Apartamentos pequenos, alguns com charme, em bairros como Botafogo, Flamengo e Copacabana, estão dentro desse limite de valor, mesmo que precisando de reformas. O que, justamente, joga para baixo o tal valor de mercado. Assim, se a documentação estiver correta (o que, além de uma garantia para o comprador, facilita na liberação do crédito), o investimento pode valer a pena para quem não abre mão de morar na Zona Sul. Até porque, há sempre a possibilidade de, em alguns anos, se trocar o imóvel por outro maior.

— Ainda existe uma demanda muito grande em toda a região, mas conjugados, quarto-e-salas e até dois quartos pequenos são encontrados. E muita gente prefere morar em imóveis menores, mas manter a qualidade de vida da Zona Sul — acredita Rodrigo Feliciano, diretor de vendas da Brasil Brokers.

O Morar Bem saiu a campo para descobrir onde estão e como são esses imóveis. Em Copacabana, é possível encontrar conjugados por preços em torno dos R$ 400 mil e, em algumas ruas, até quarto-e-sala por R$ 500 mil. No Flamengo, o panorama é parecido. Em ruas como a Pedro Américo ou a Corrêa Dutra, por pouco mais de R$ 400 mil, compra-se um dois quartos. E, em Botafogo, há ofertas de conjugado ou quarto-e-sala de tamanhos variados, por entre R$ 350 mil e R$ 500 mil.

Nossa equipe visitou, com o arquiteto Thoni Litsz, um apartamento à venda por R$ 440 mil na Rua Álvaro Ramos, em Botafogo. Anunciado como conjugado, o imóvel, próximo à Rua da Passagem, tem 65 metros quadrados, tamanho de alguns dois quartos. É bem verdade que a sala não é grande, mas há ainda uma varanda voltada para a rua, um bom banheiro e uma cozinha ampla, que pode facilmente ser dividida para criar uma lavanderia com armário. A sugestão foi dada por Litsz, que também imaginou plantas altas como fícus e bambu-mossô na varanda. Além de esconder o muro de tijolos que não pode ser pintado de outra cor por estar na fachada, as plantas garantiriam a privacidade dos moradores:

— Quebraria parte da parede da cozinha, criando um balcão-mesa para a sala e transformando o imóvel em loft.

O preço da reforma? Depende da marcenaria escolhida. Com armários de qualidade melhor, giraria em torno dos R$ 60 mil. Mas para orçamentos mais curtos, Litsz garante que R$ 30 mil seriam suficientes para o imóvel ficar nos trinques. Com direito a pintura dos azulejos de banheiro e cozinha, troca do aquecedor de gás do banheiro para a lavanderia, porta de correr isolando essa área de serviço e deck na varanda.

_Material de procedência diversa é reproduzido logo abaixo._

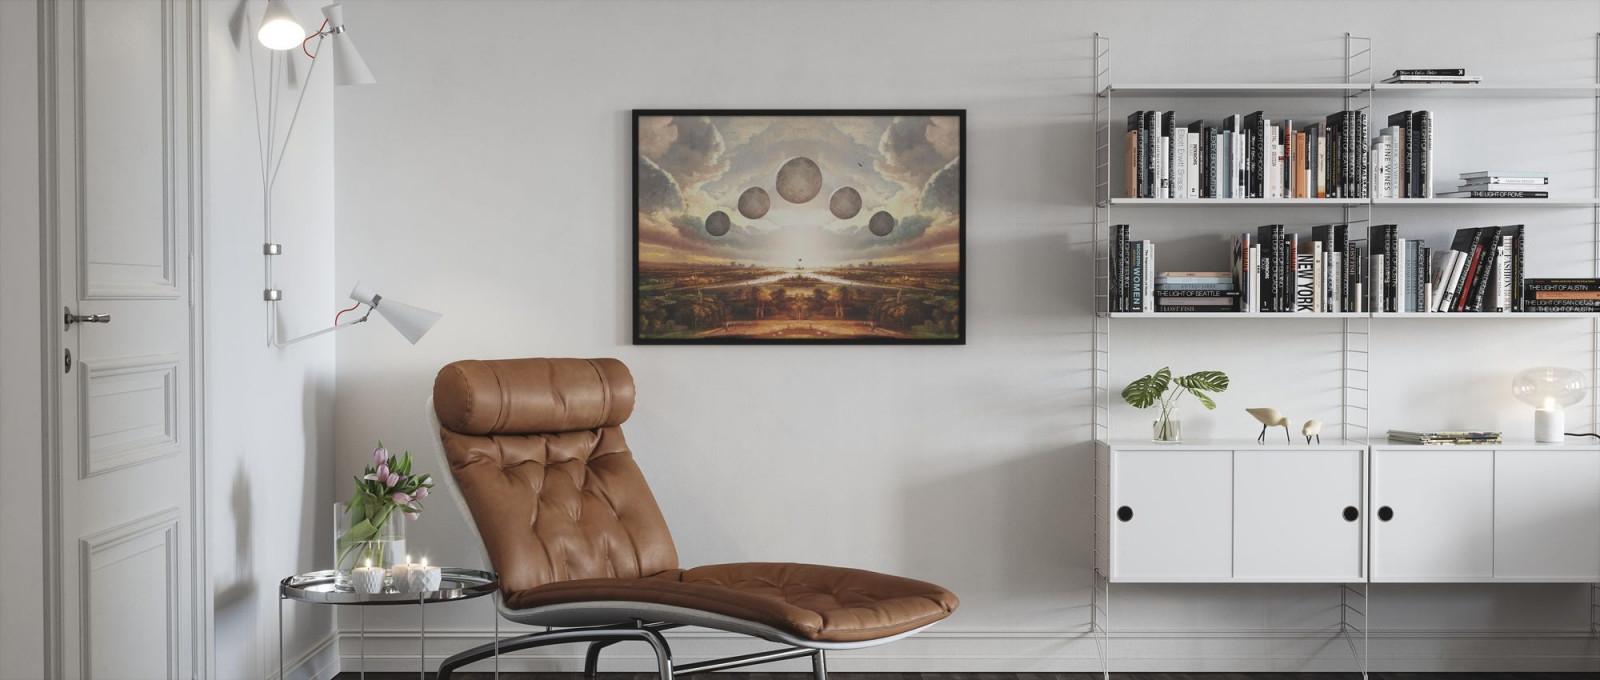 Gerahmte Bilder Für Wohnzimmer Und Andere Räume – Tipps Rund von Gerahmte Bilder Für Wohnzimmer Bild

Os valores são até modestos. Até porque, neste caso, não seria preciso mexer nas partes elétrica e hidráulica. Sim, porque a reforma de um apartamento com problemas nesses sistemas fica entre R$ 1,5 mil e R$ 2 mil, o metro quadrado. E a marcenaria fina, que inclui armários e mobiliário, vai dos mil reais, se o material usado for MDF, aos R$ 2 mil, com madeira laqueada.

— Uma boa reforma consumirá de 10% a 20% do valor do imóvel, e os mais antigos, onde sempre aparece uma surpresa no meio da obra, podem ter um orçamento ainda mais oneroso — destaca o arquiteto Jorge Nascimento.

E quando o imóvel for realmente pequeno e tiver não mais que 20 metros quadrados? Para a arquiteta Lulu Andrade, o importante é ampliar o potencial do imóvel, usando móveis planejados ou peças multifuncionais:

— A cama boxe, que pode servir de armário, ou o sofá-cama, para melhor aproveitar o espaço, são exemplos de bons móveis para miniconjugados.